Among other posts, she has been director of a trauma and burn injury program at the National Institute of General Medical Sciences (NIGMS), Acting Director of the NICHD's National Center for Medical Rehabilitation Research, Acting Deputy Director of the NIH, Director of the NICHD Division of Extramural Research, and Deputy Director of the NICHD.

When Dr. Maddox sat down for this interview, she was preparing to retire after 29 years at the NIH, 19 of them at the NICHD. But before she could walk out the door, NIH Director Francis Collins, M.D., Ph.D., asked her to serve as Acting Director of the National Institute on Minority Health and Health Disparities (NIMHD).

This turn of events prompted NICHD Director Alan H. Guttmacher, M.D., to joke that the only thing that Dr. Maddox had ever failed at was retirement.

In this interview, Dr. Maddox talks about her family, her early scientific career as a laboratory technician, and her work wearing many hats at NIH.

Finding the Way to a Career in Science
Building an NIH Career
Milestones in Infant, Child, and Maternal Health
Creating an Impact on People's Lives
Life On and Off the Job

Finding the Way to a Career in Science

Q: Talk a little bit about your background. Where did you grow up?

Dr. Maddox: I came from a small rural town in New Kent County, Virginia, which is about 20 miles southeast of Richmond. It was definitely very rural. You can go 20 miles outside of Richmond and you're in "no-man's land," as we say, but I really always knew that I wanted to be in the sciences.

It was because I had great elementary and middle school and high school teachers. They saw something in me that suggested that I could be focused in a scientific area, and I wanted to go to medical school to be a physician. So I had to major in biology or biochemistry or a related field to head in that direction.

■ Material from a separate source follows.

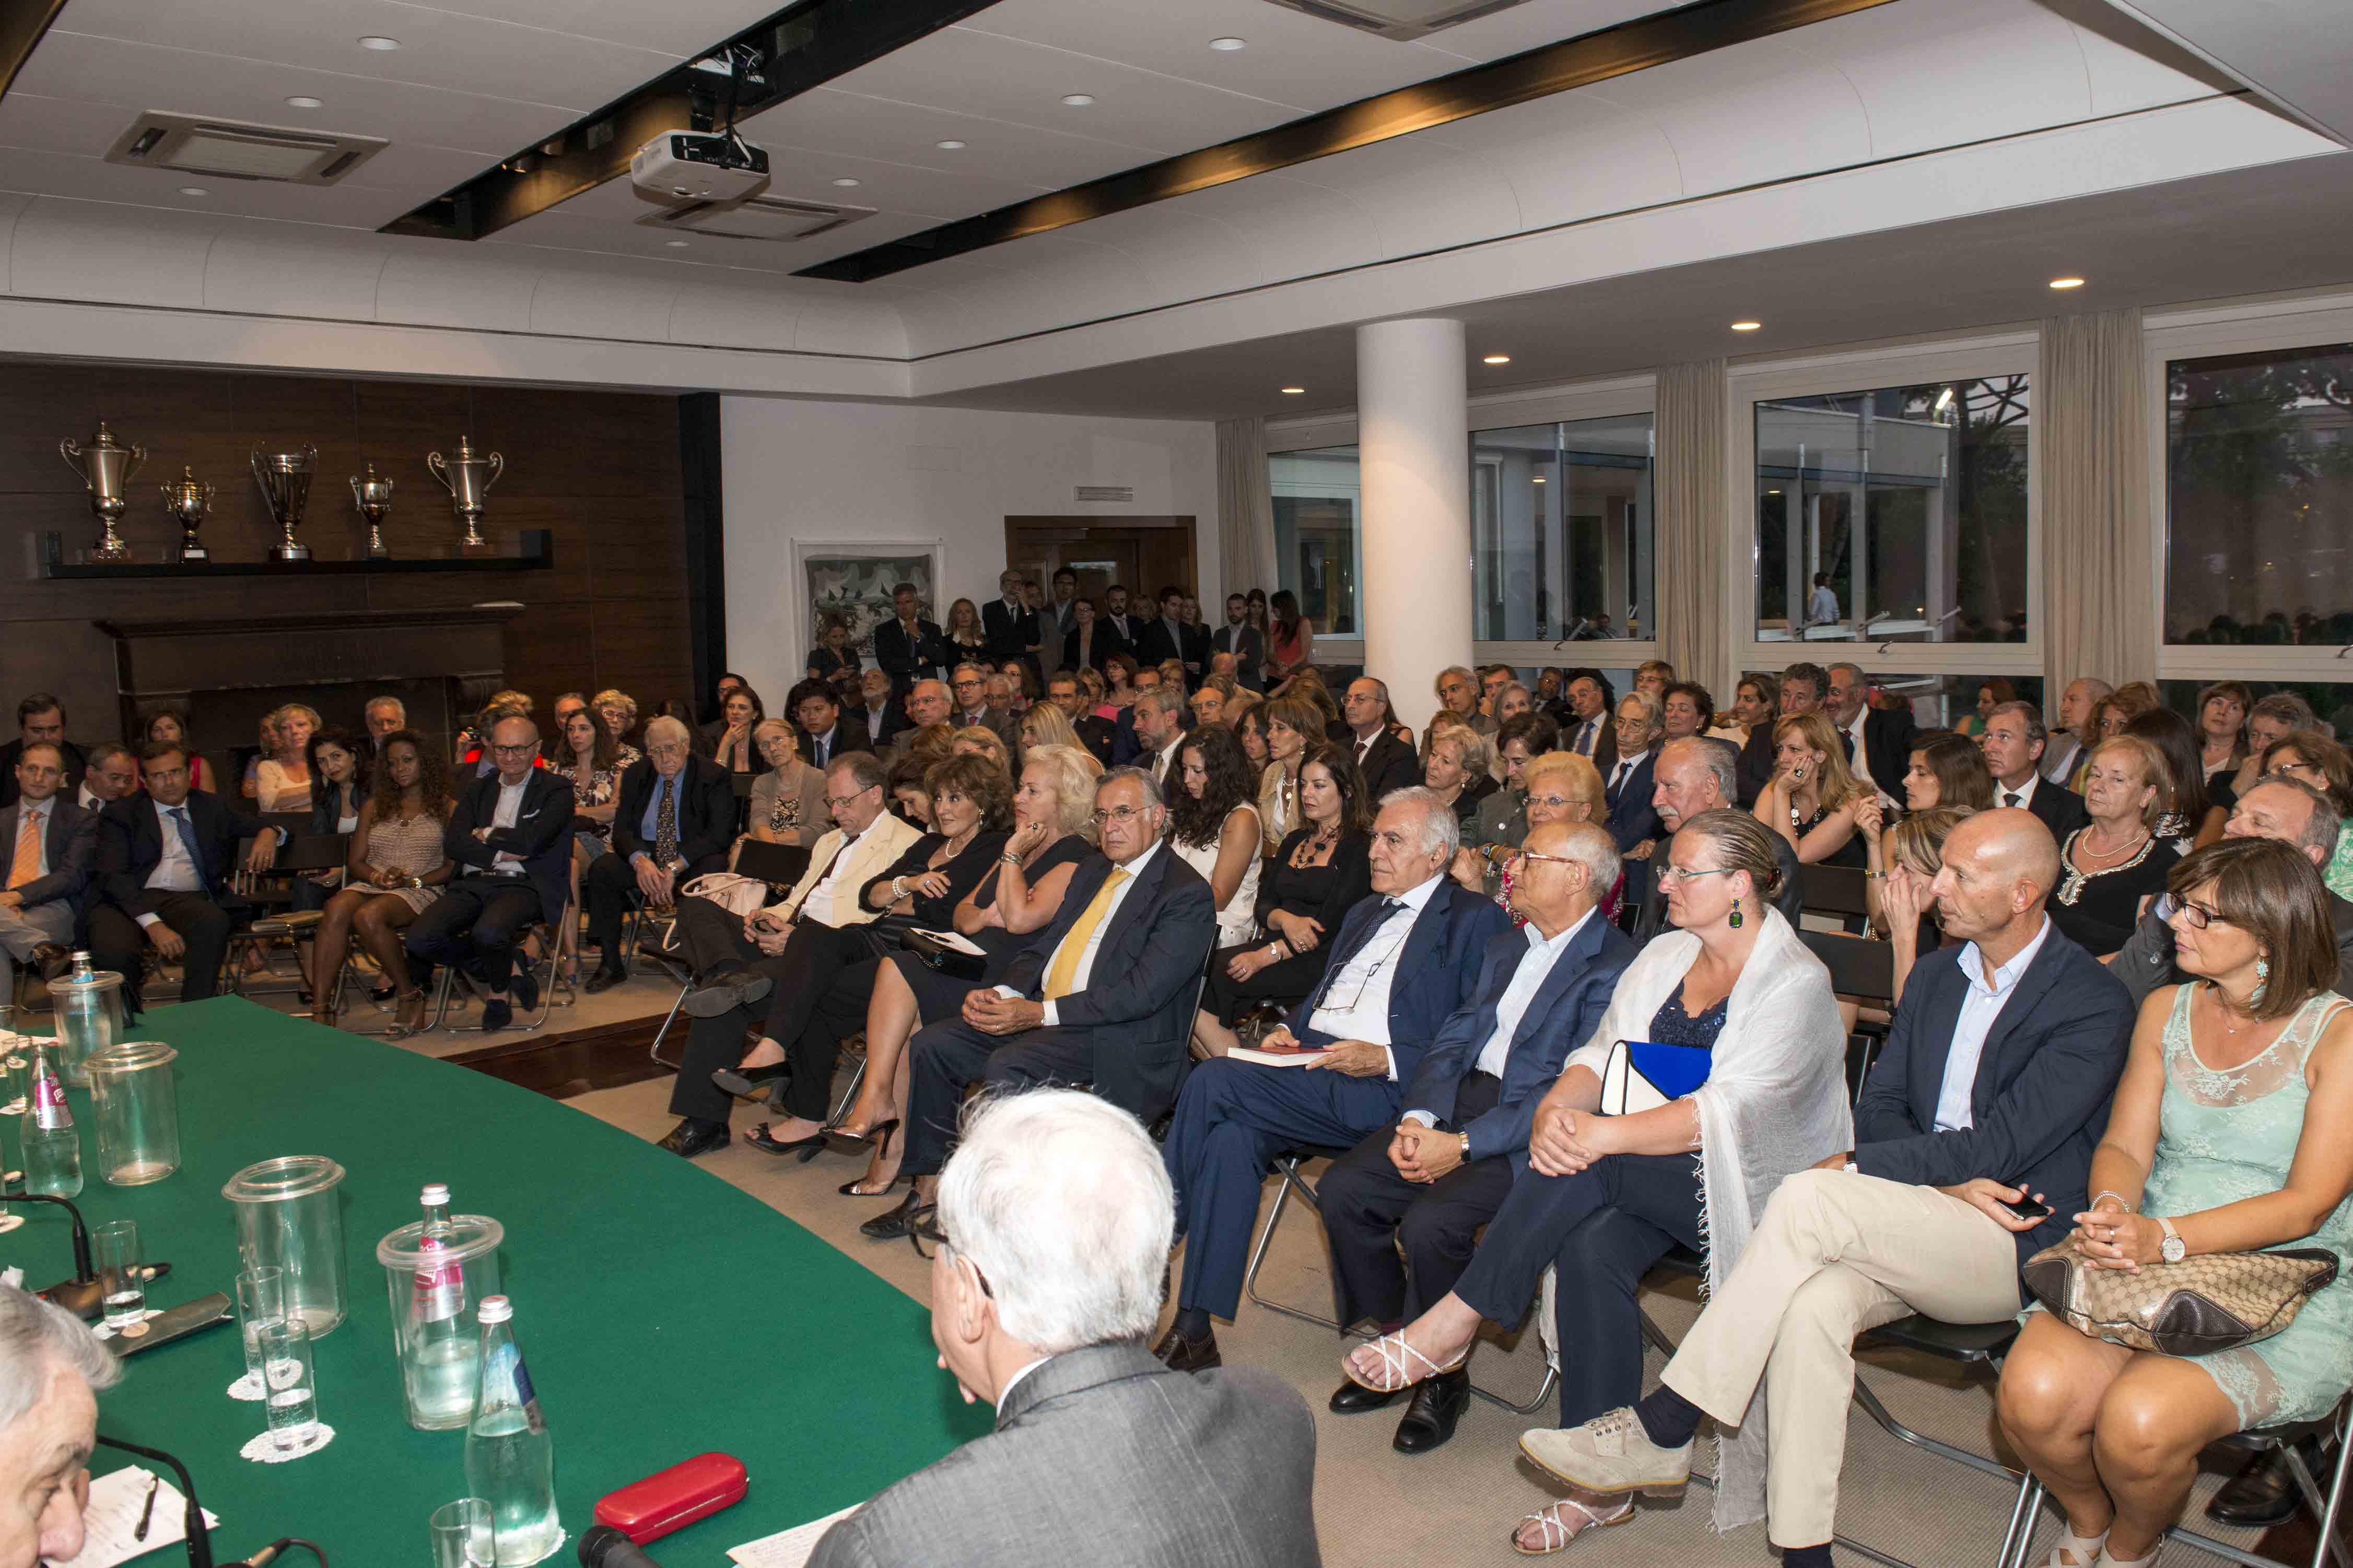 L'avv. Romolo Reboa alla premiazione dei concorrenti finalisti del Premio R.I.P.D.I.C.O.

Q: So you went to Virginia Union University, but after graduation you had to give up your spot in medical school because your father died. What happened next?

I found a job as a blood bank technician, a 3-month summer job, at the Medical College of Virginia in Richmond. At the end of the 3 months, the woman who was the director of the blood bank said she knew a researcher, Dr. Sami Said, who had a laboratory in the hospital. His technician was leaving. So she said, "Let me call one of my colleagues who knows him and see what we can arrange."

At the time, Dr. Said was at the Karolinska Institute in Sweden and studying vasoactive intestinal polypeptide. In fact, he was the co-discoverer of that peptide. She called Dr. Said and recommended me.


Q: Being mentored first by Dr. Said and later by Dr. Peter Ramwell at Georgetown gave your career a real lift. With Dr. Said, your first publication was in the journal Science,1 and with Dr. Ramwell, your second paper was in Nature.2 Were you aware of how impressive that was?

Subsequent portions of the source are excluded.